Google AI Gemini beats OpenAI, human experts in tests

7 Dec 2023

The Australian Financial Review

“We’ll explore what monetisation might look like, but we don’t have anything specific on that right now,” Sissie Hsiao, vice president in charge of Assistant and Bard at Google, said.

A third, cut-down version of the AI, Gemini Nano, will appear in Android phones starting with Google’s Pixel 8 Pro phone, to answer complex voice, video, photo and written questions on the phone itself, without the need for an internet connection.

In a video demonstration, Gemini identifies that the photo is homework, marks it, and explains the errors.

In a global launch event, the company showed off Gemini Ultra performing a range of tasks which, until now, were generally reserved for humans.

In one pre-recorded demonstration, Gemini Ultra was shown a photo of a child’s physics homework, and was able to read it, mark it, and explain the maths and physics errors the child had made, going into levels of detail far beyond what most parents would be capable of.

In another demonstration, two objects were held up in front of a webcam – an orange and a fidget spinner – and the AI was able to identify them both and explain that citrus and the spinner had something in common: they both could be “calming”.

Eli Collins, the vice president in charge of product at Google DeepMind, which developed Gemini, said one of the main features of Gemini was it was less likely to “hallucinate” than other AIs.

“Improving the accuracy of responses was one of the core training objectives of the model.

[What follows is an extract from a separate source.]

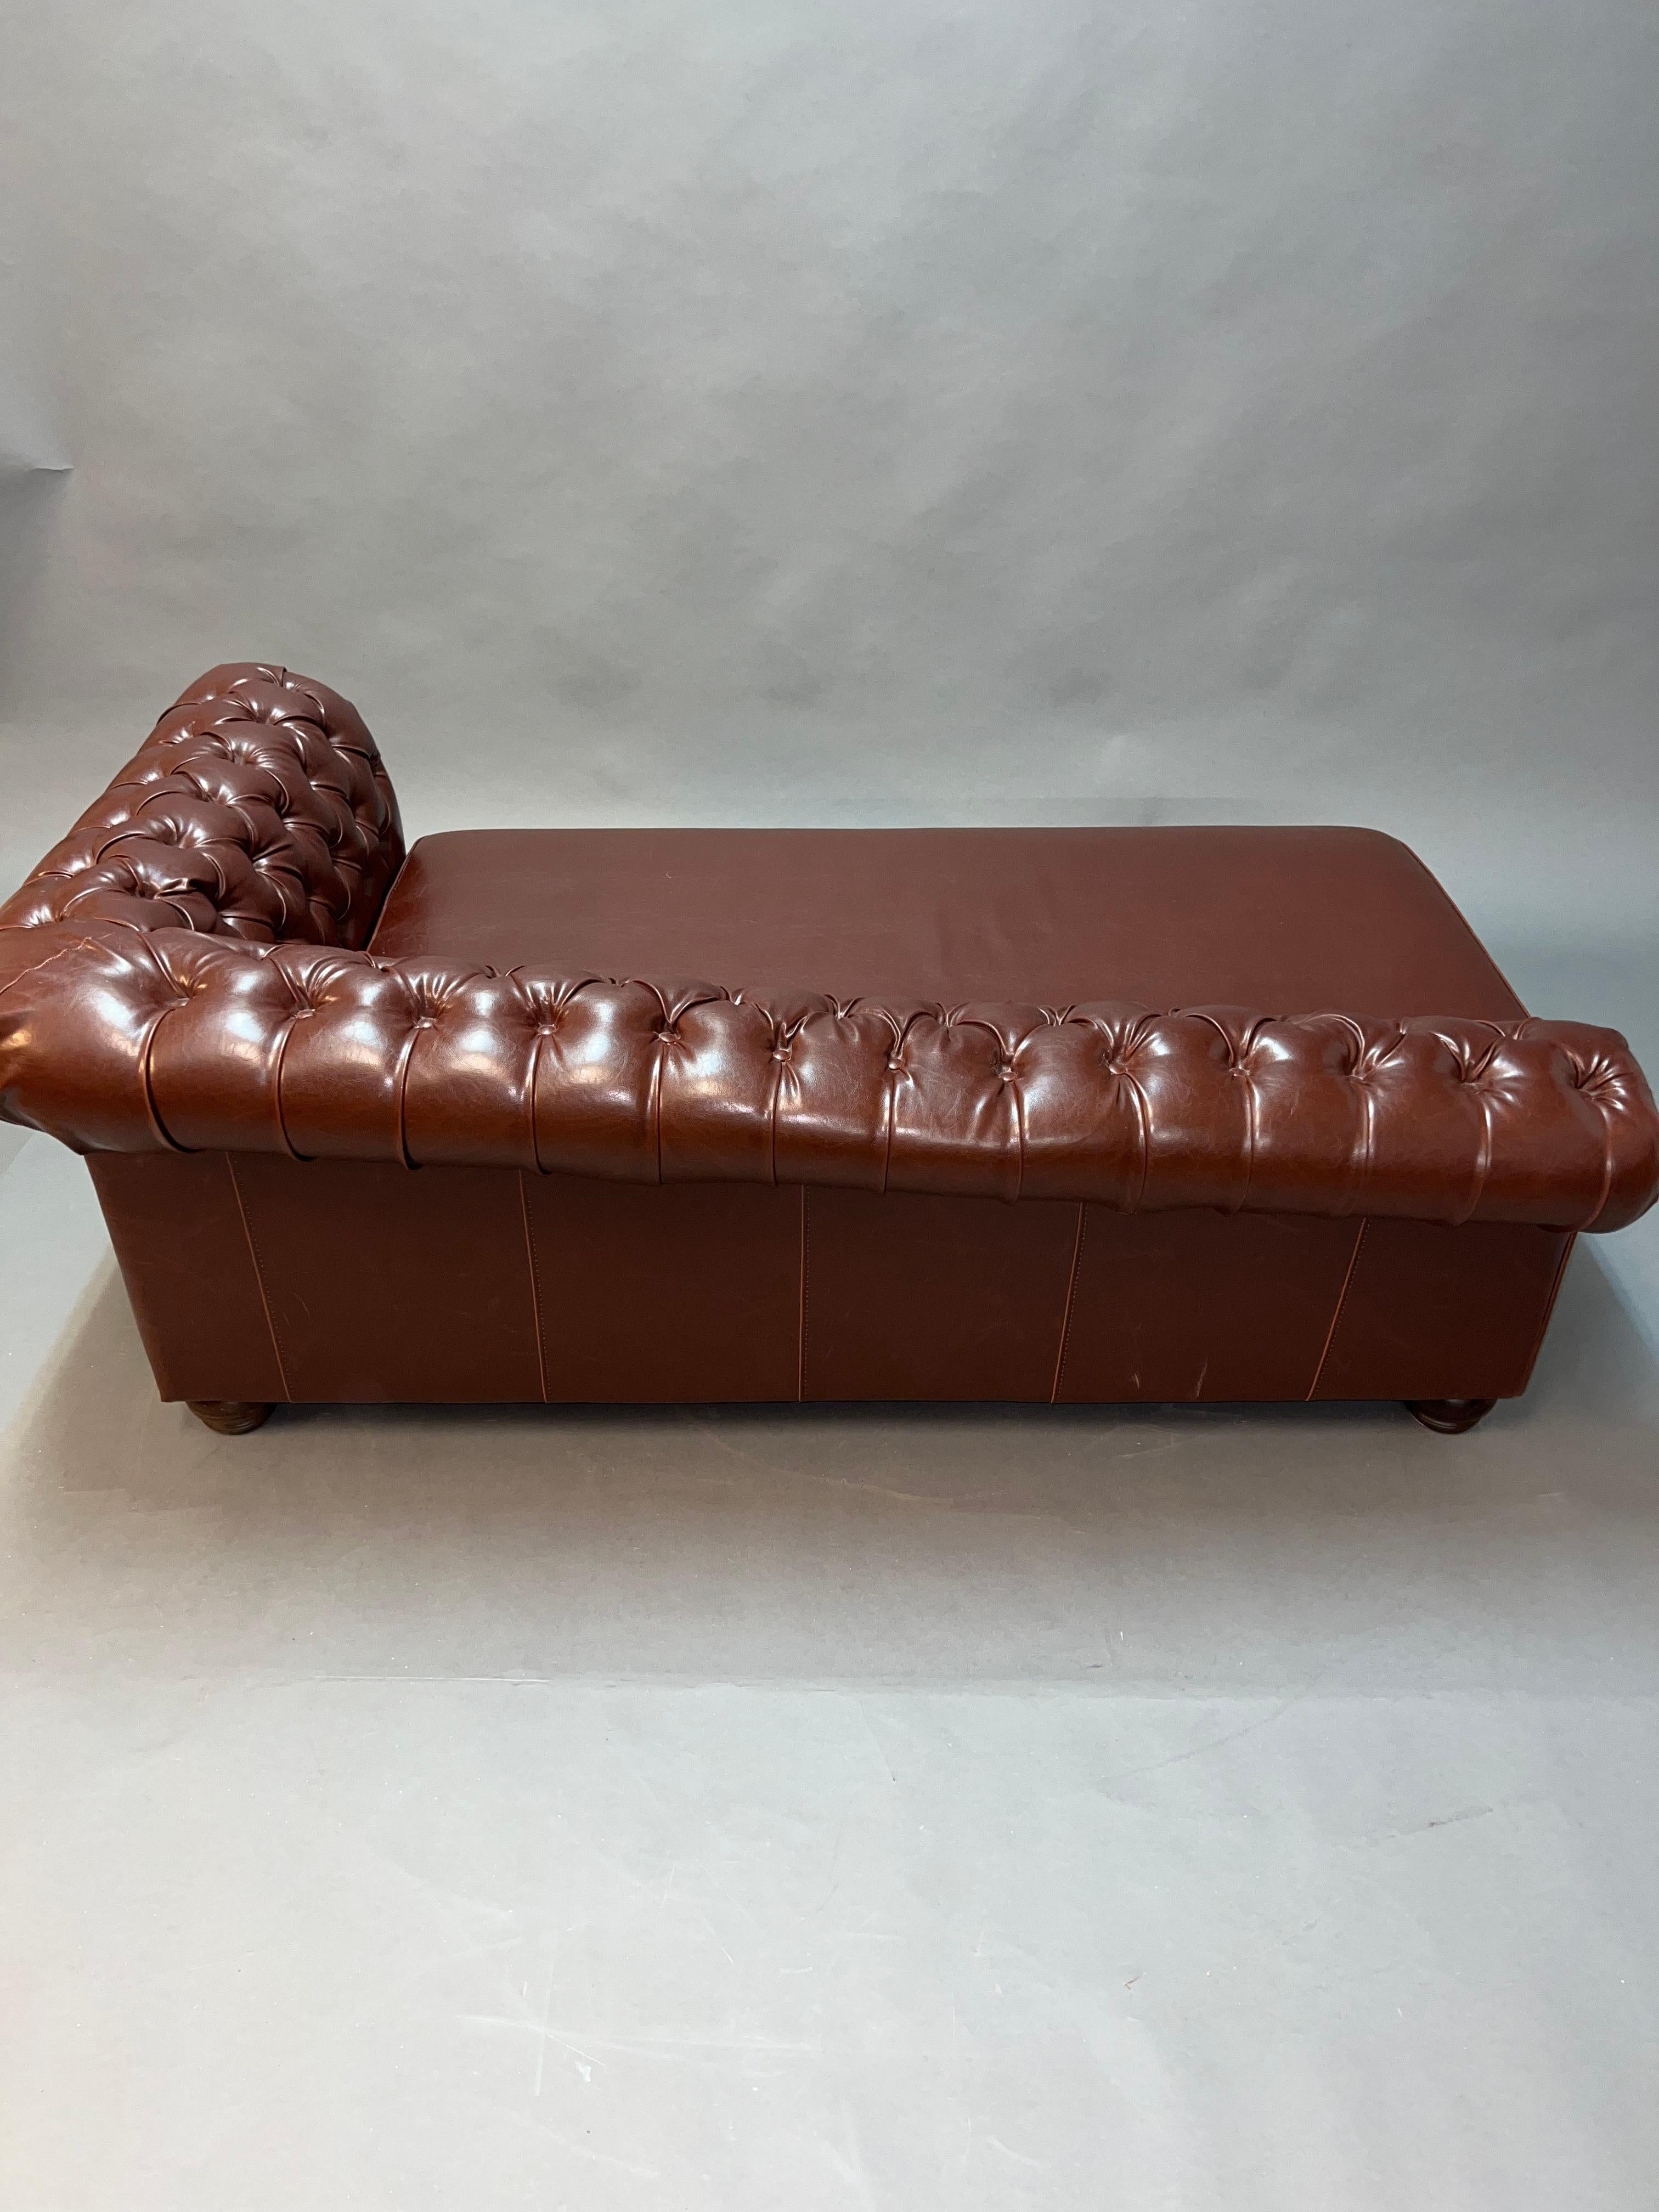 Lovely Vintage Chesterfield Brown Leder Look Chaise Lounge Daybed Sofa im Angebot 3

When we talk about getting a better score on these benchmarks, it’s often a result of improving Gemini’s ability to reason and to answer questions factually,” he said.

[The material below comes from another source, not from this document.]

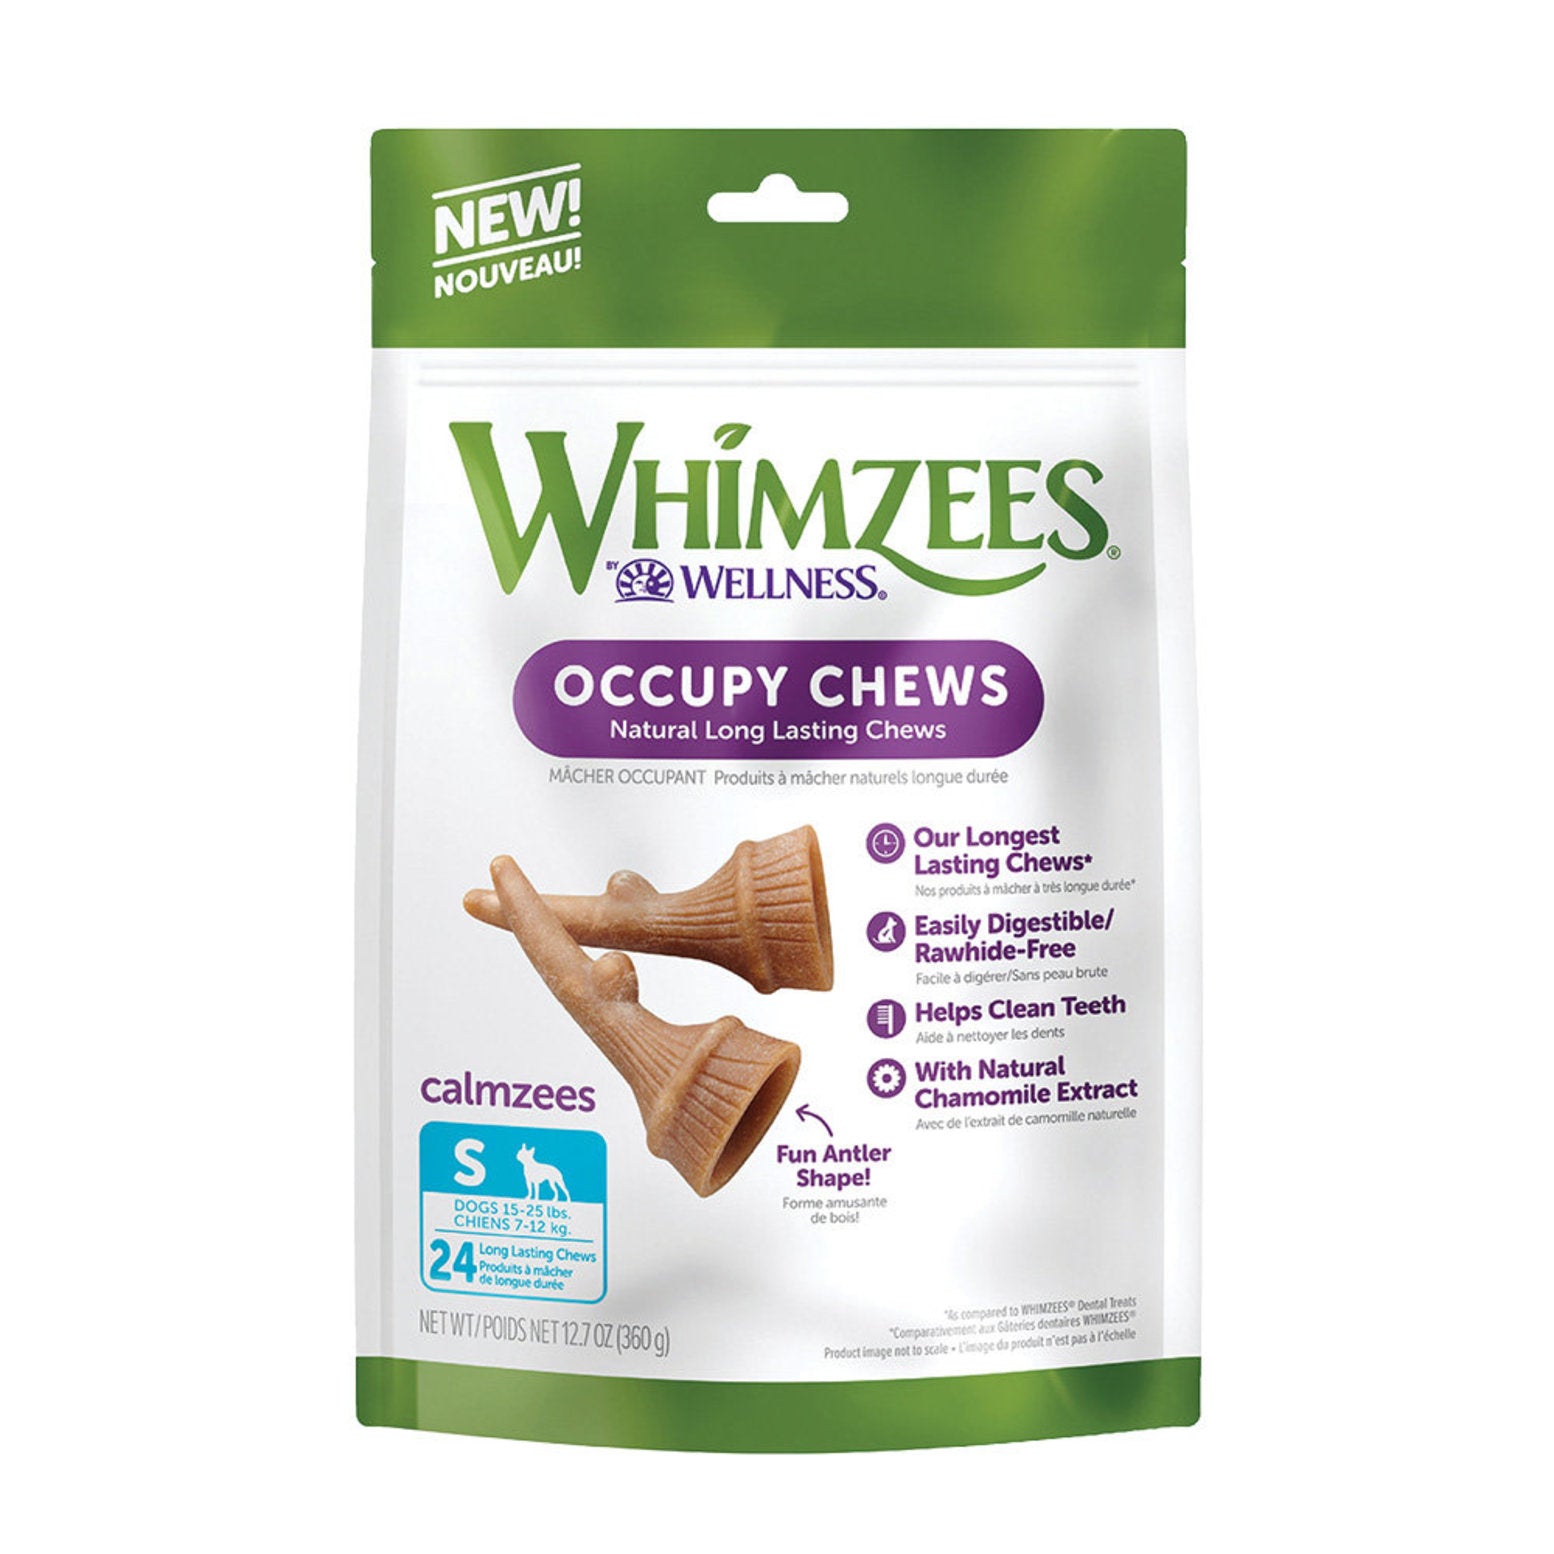 Whimzees Natural Long Lasting Occupy Chews for Dogs (360g)

(And, indeed, the Google search engine does contain plenty of references to the “calming” effects of both citrus and fidget spinners.)

When the orange was replaced by a Rubik’s Cube, the AI identified they were both examples of toys that adults, as well as children, play with.

Coding edge

Google also showed off Gemini figuring out what a complex join-the-dots puzzle was depicting, before anyone even joined the dots (“This is a picture of a crab,” the AI pre-empted.) The AI watched as someone performed a simple sleight of hand with a ball and three cups, and correctly predicted the ball would be in the left cup.

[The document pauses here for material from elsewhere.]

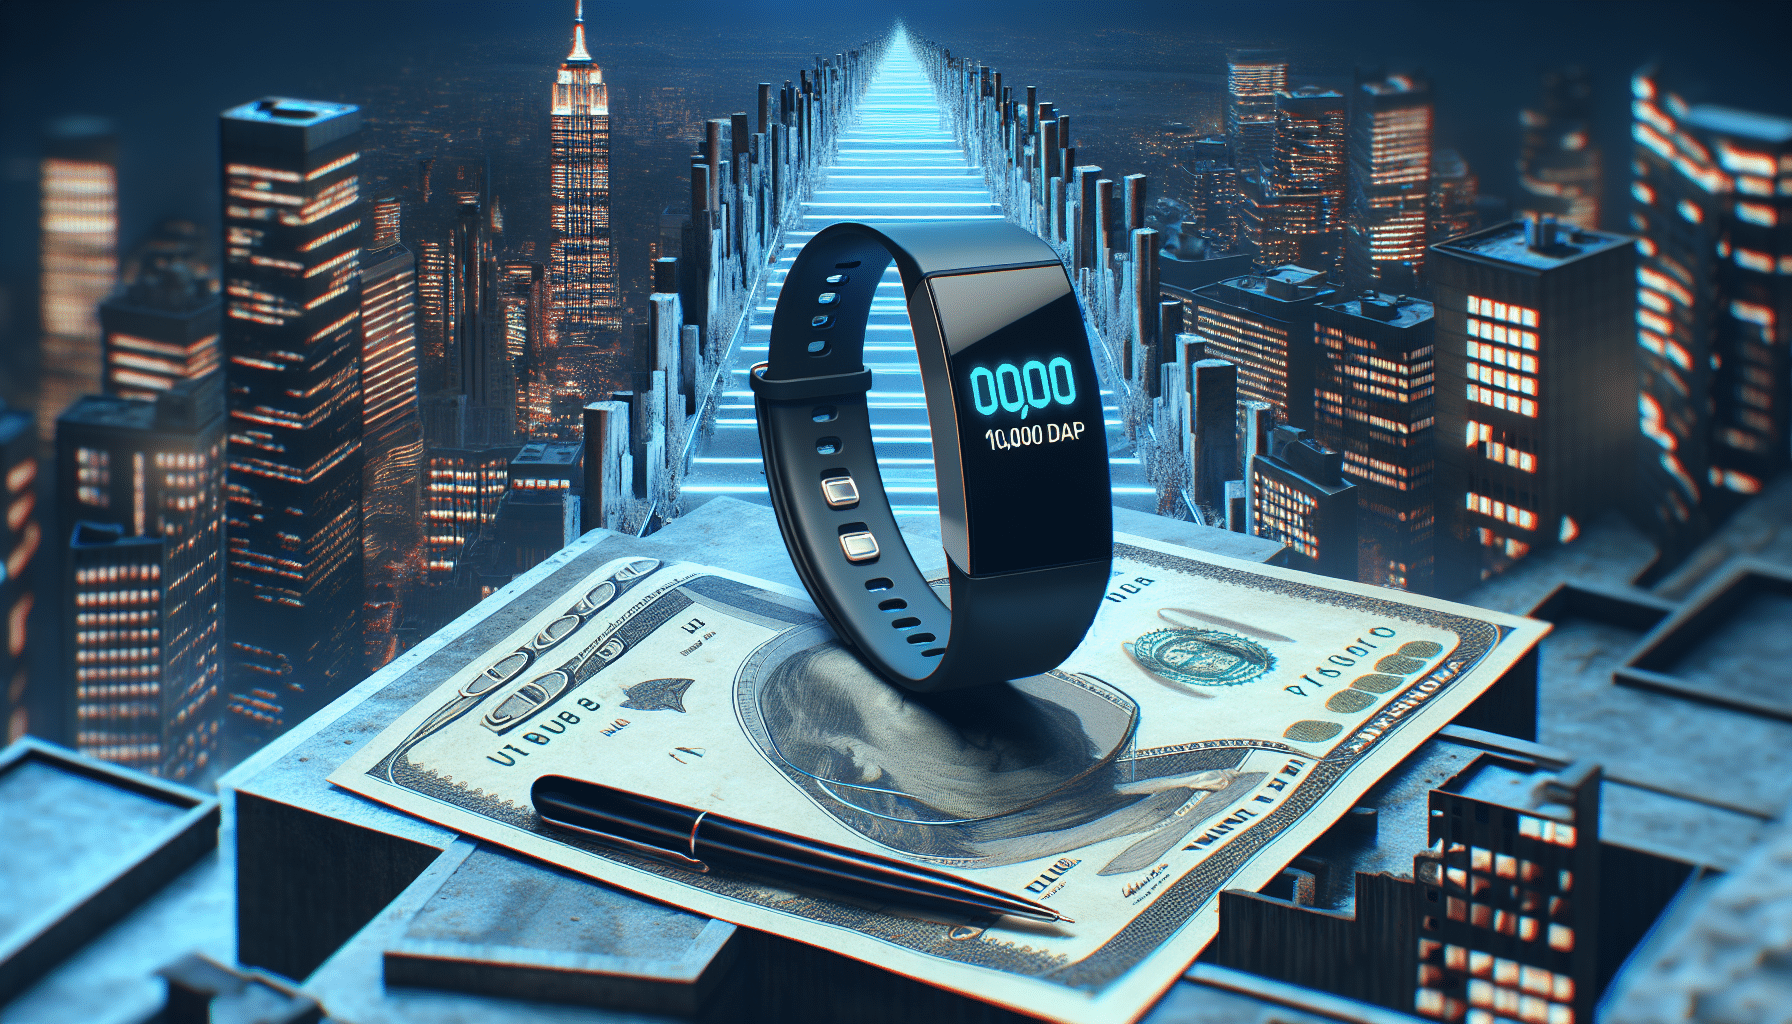 Dream Job: Get Paid $10,000 to Walk 10,000 Steps in a Day

But Gemini would not just be used for homework, puzzles and party tricks, Google said.

In tests where it was pitted against (presumably talented) human software developers attending a coding competition, Gemini was better than 85 per cent of them, Mr Collins said.

Starting on Wednesday, Gemini would be used to power Google’s software-writing platform, AlphaCode, where it would be able to solve “nearly twice as many problems” as the previous AI, he said.

Not only was new AI inherently multimodal and able to program in a number of programming languages, it was also inherently multilingual, having been trained on more than 100 human languages.

But, as with Google’s previous AIs, it will speak only one language at first: English. Other languages would quickly follow, Mr Collins said.